Строительство, или иначе Новостройка, напоминало целый городок. Машины, проезжая мимо, замедляли ход, а из окон поезда пассажиры показывали друг другу Новостройку и отмечали, насколько подвинулось строительство первого здания. Затем прибавляли со вздохом: "Во, т бы мне с семьей такую квартирку!" Другие успокаивали себя: "Настоящие казармы!"
Четыре дома в пятнадцать этажей каждый. Около двухсот квартир. В первом здании было в это время уже закончено тринадцать этажей, во втором - только один. У двух остальных был лишь заложен фундамент. Глядя на первое почти готовое здание, нетрудно было себе представить, какой будет общий вид у четырех огромных параллелепипедов, торчащих, как дольмены, среди пустыря, на котором уже работали бульдозеры, планируя участки для будущей рощи, детских парков и новых дорог. Каждый этаж был разделен на квадраты: широкие оконные проемы чередовались с простенками сборной стены.
Барак - столовая находился на придорожной насыпи, метрах в пятидесяти от первого здания. Там же помещались раздевалка и маленькая комнатка профсоюзной организации. Дальше тянулся вдоль дороги длинный цех, в котором замешивали бетон и изготовляли отдельные элементы здания. К цеху прилепился застекленный чуланчик, служивший кабинетом начальнику строительства, а в дни получки превращавшийся в кассу. В третьем и последнем цехе визжали ленточные и циркульные пилы. Это было царство столяров, занятых изготовлением опалубочных форм.
Жако приготовлял бетон в первом цехе. Затем он накладывал его лопатой в тачку и подвозил к рабочему, который загружал смесь в форму. Включался электрический вибратор, форма начинала дрожать с оглушительным треском и останавливалась лишь тогда, когда бетон был уплотнен. Ему давали затвердеть, после чего форму раскрывали, а полученное таким путем бетонное изделие клали в штабель вместе с другими сборными элементами.
Выгрузив тачку, Жако выпрямился. Он положил руки на бедра, отвел локти назад и несколько раз согнул и разогнул спину.
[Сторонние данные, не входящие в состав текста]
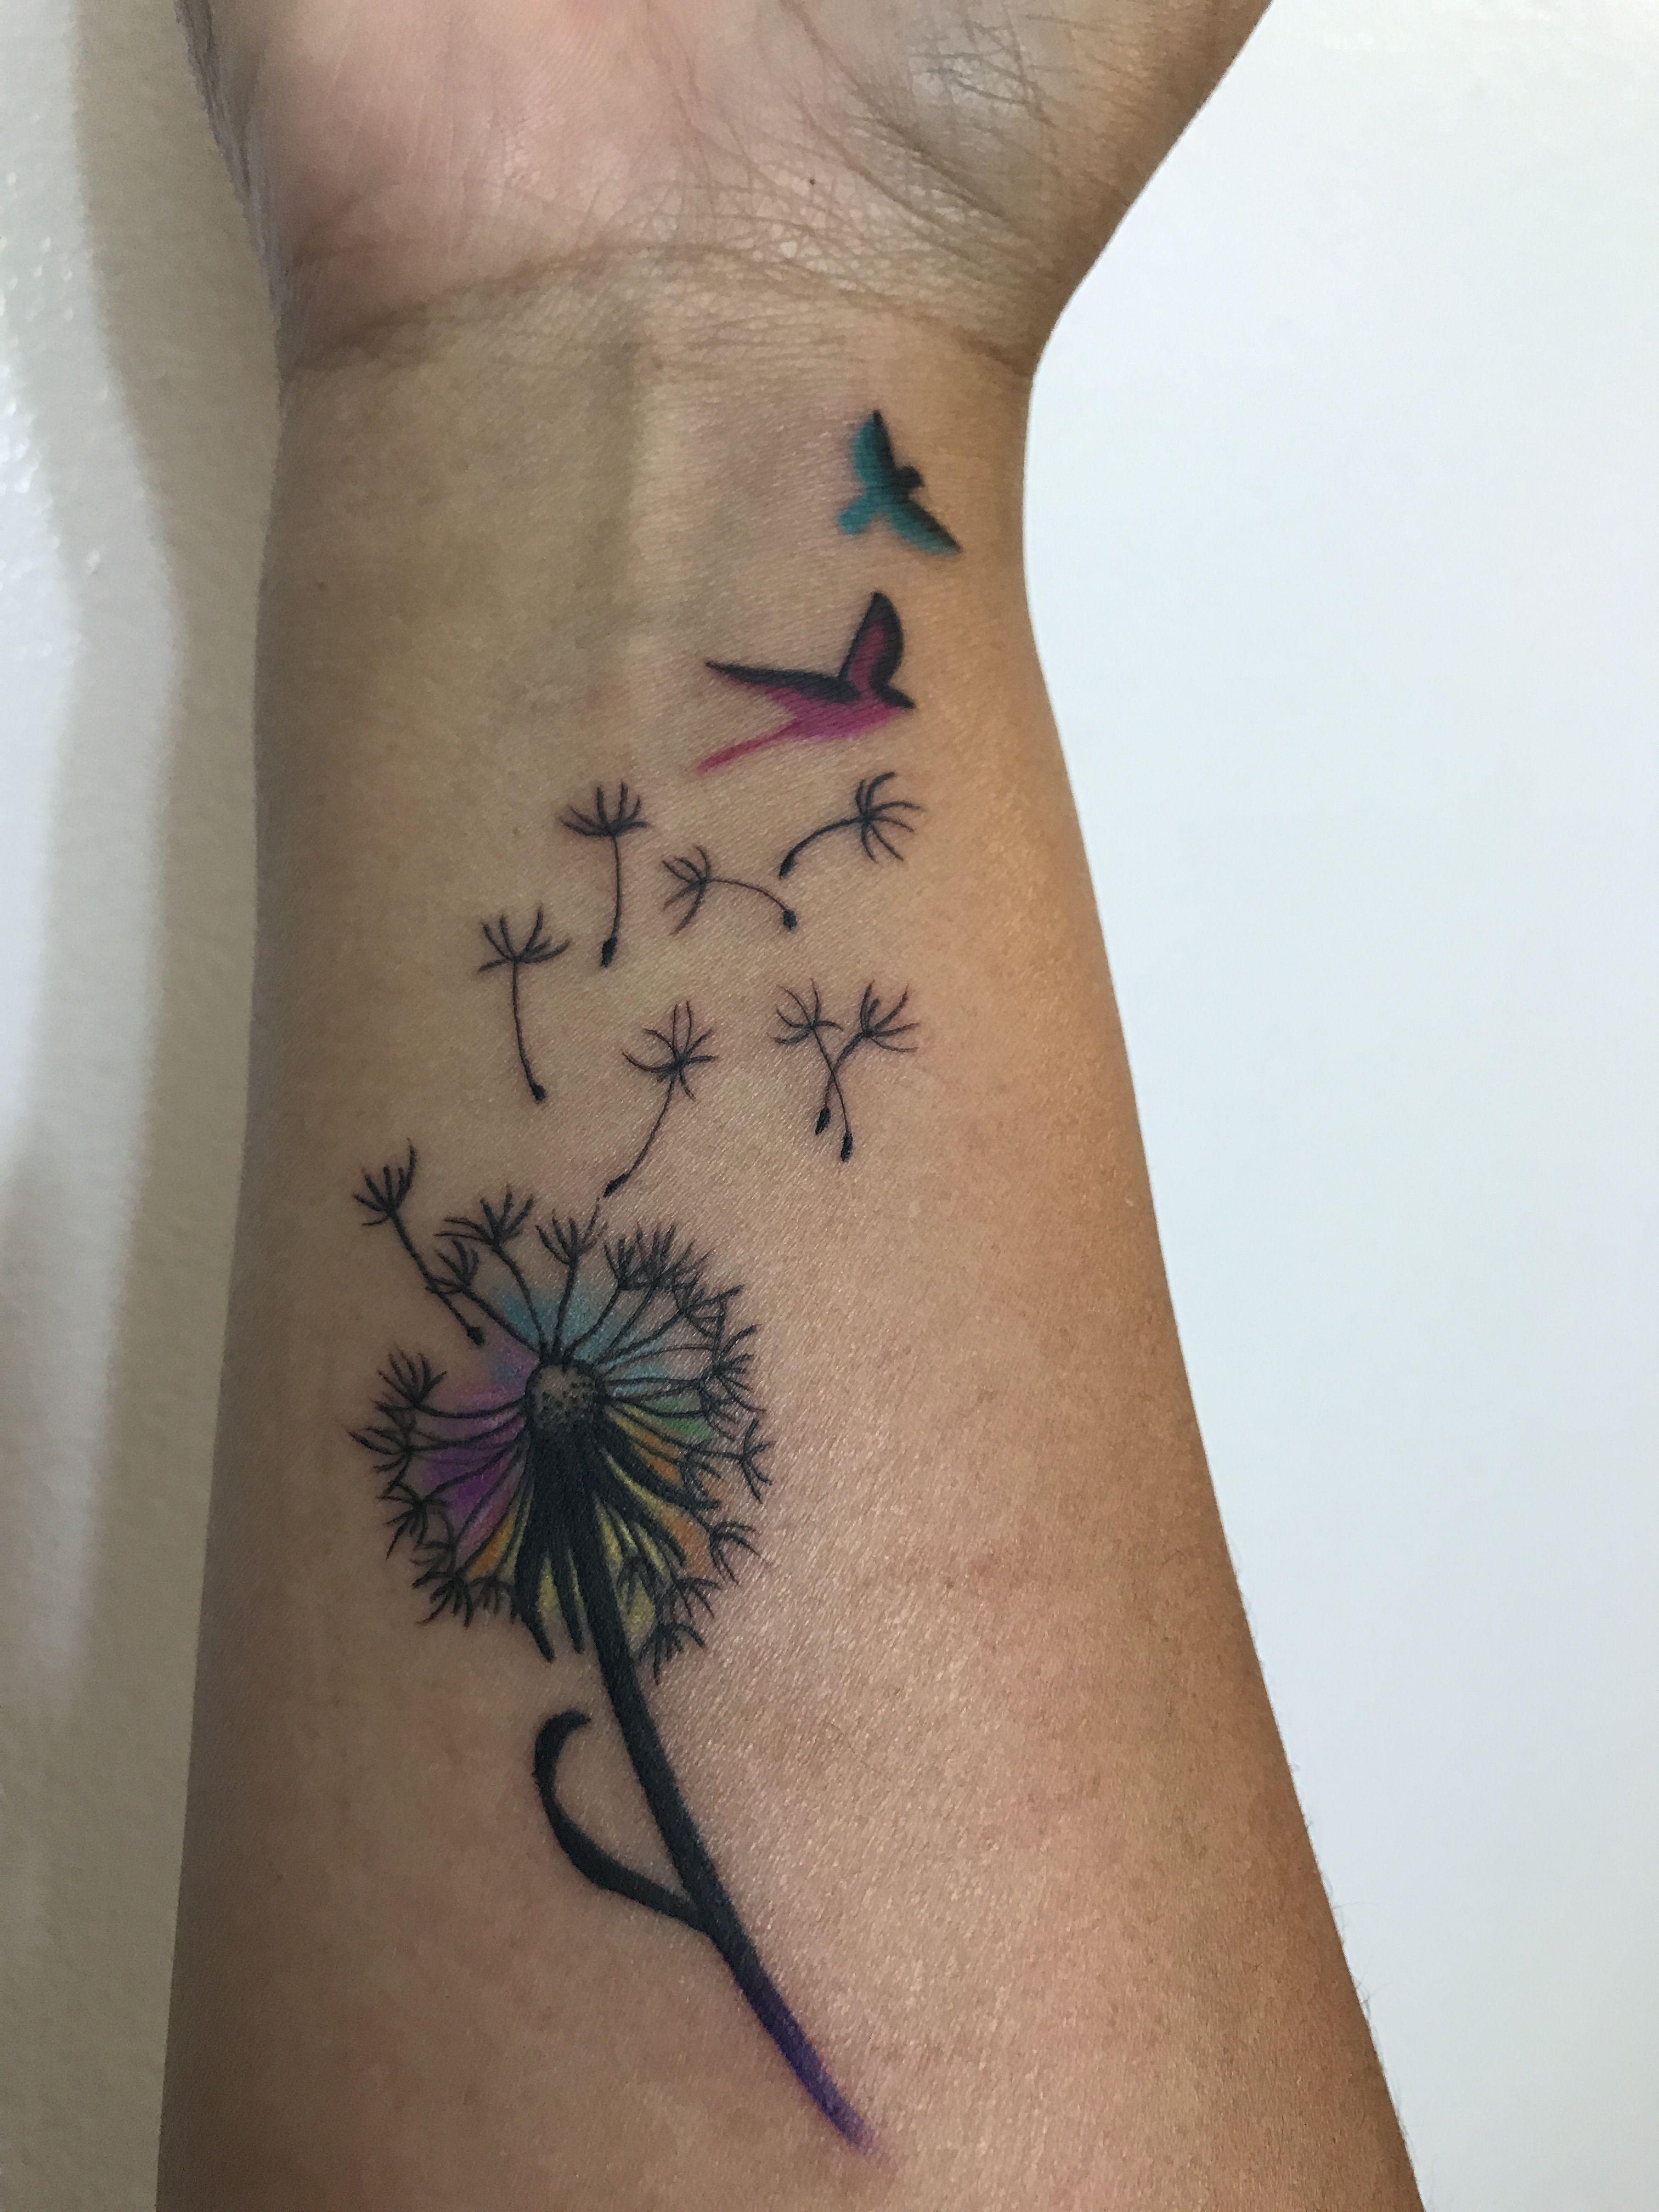 Dandelion Puff Tattoo On Wrist Wrist Tattoos Tattoos Dandelion
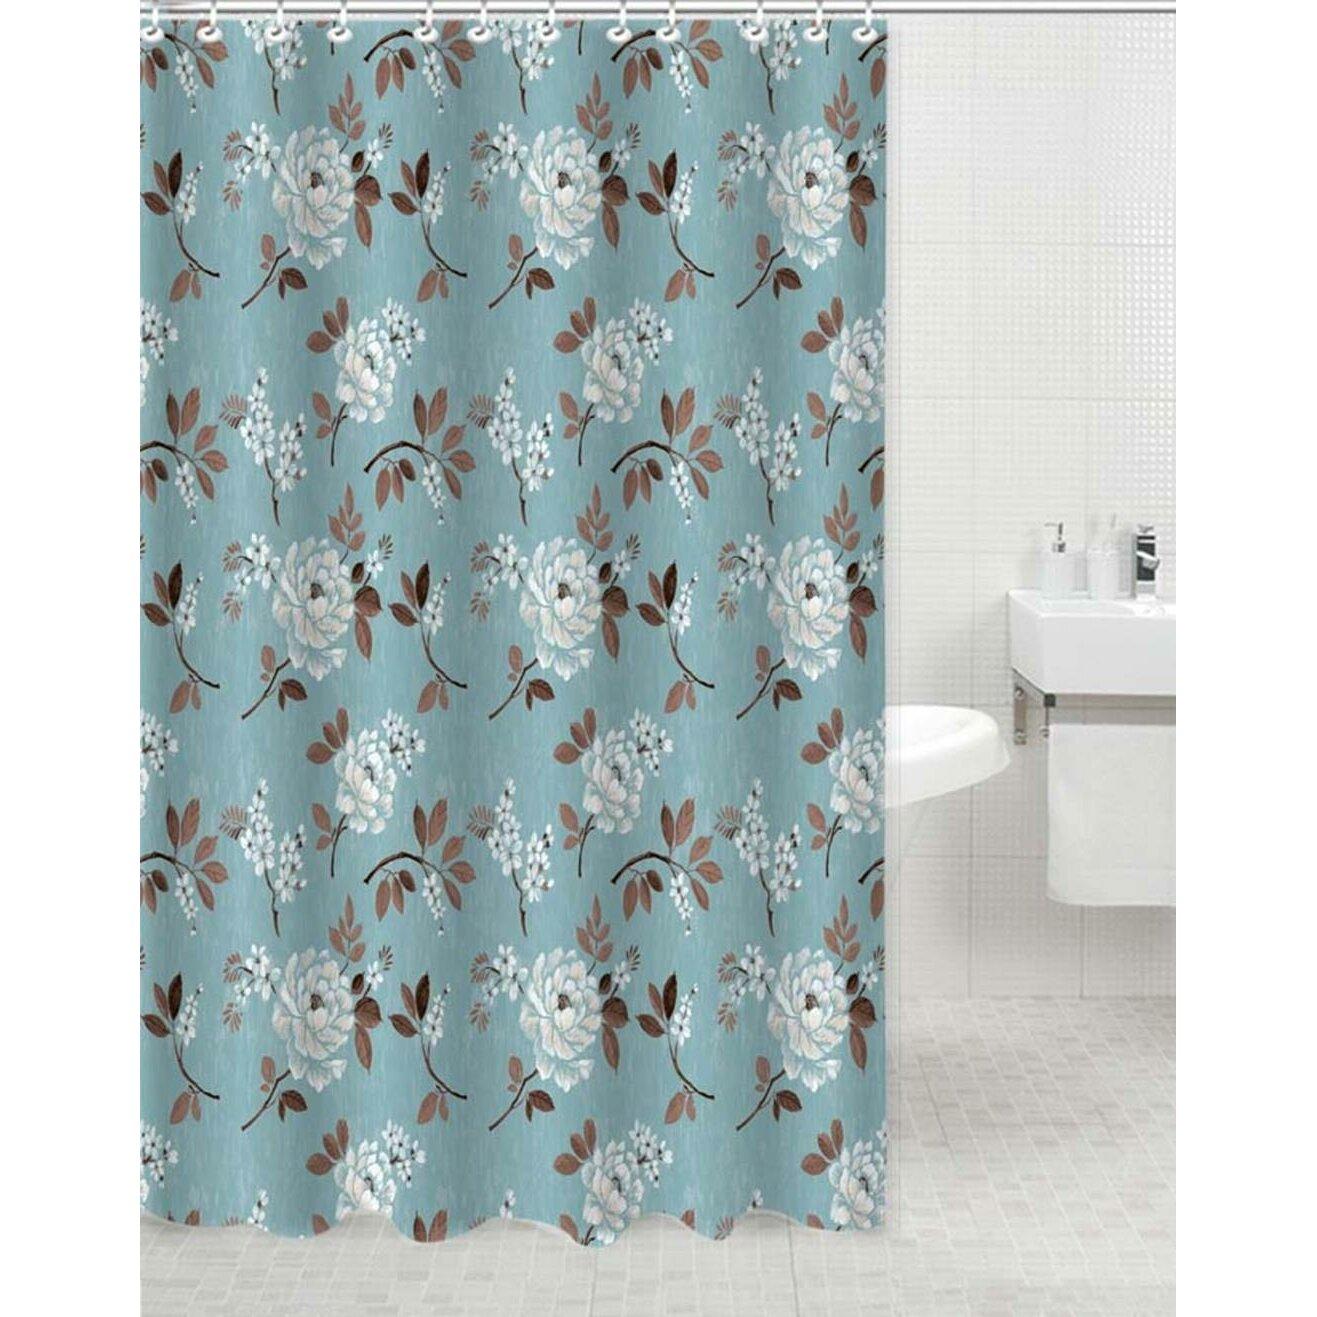 Daniels Bath Floral Polyester Shower Curtain Reviews

- Тяжело, а? Особенно… без… приз… ки…
- А? Что?
Из‑за вибратора, трещавшего, как пулемет, разговаривать было трудно. Бетонщик проревел, заглушая шум мотора:
- Я говорю, тяжело бывает без привычки!
- Ничего!.. Обой…ся!
Жако провел двумя пальцами по усам. Почувствовал, как под волосками перекатываются крошечные песчинки. То же самое он ощущал под мышками, между пальцами, а когда закрывал глаза - ив уголках век. Стоило вздохнуть всей грудью, и во рту появлялся привкус цемента. Мельчайшая белая или серая пыль проникала во все поры. Бетон смешивался с кровью Жако, становился неотделимой частью его существа. По мере того как росла груда сборных элементов, в нем самом тоже как бы создавался железобетонный костяк, и с каждым днем движения парня становились все медлительнее, все тяжелее. Но в то же время увереннее.
- Кто это?
- А?
- Что это за человек?
- Ла Суре, профсоюзный делегат.
К ним навстречу шел высокий, худой, слегка сутулый мужчина в рабочем костюме. Он бросал внимательные взгляды по сторонам, ко всему приглядываясь. Правая рука была засунута в карман, а левой он держал свернутую трубочкой школьную тетрадь. У делегата были круглые черные глазки, блестящие и живые, но невольно приковывал к себе внимание его длинный, тонкий, треугольной формы нос и полоска темных усиков под ним. Жако напрасно старался отвести глаза от носа Аа Сурса.
- Как… дела… ребята?
- Ни… го.
Бетонщик нагнулся и повернул рукоятку. Вибратор икнул, дыхание его замедлилось, и, трижды всхлипнув, он захлебнулся.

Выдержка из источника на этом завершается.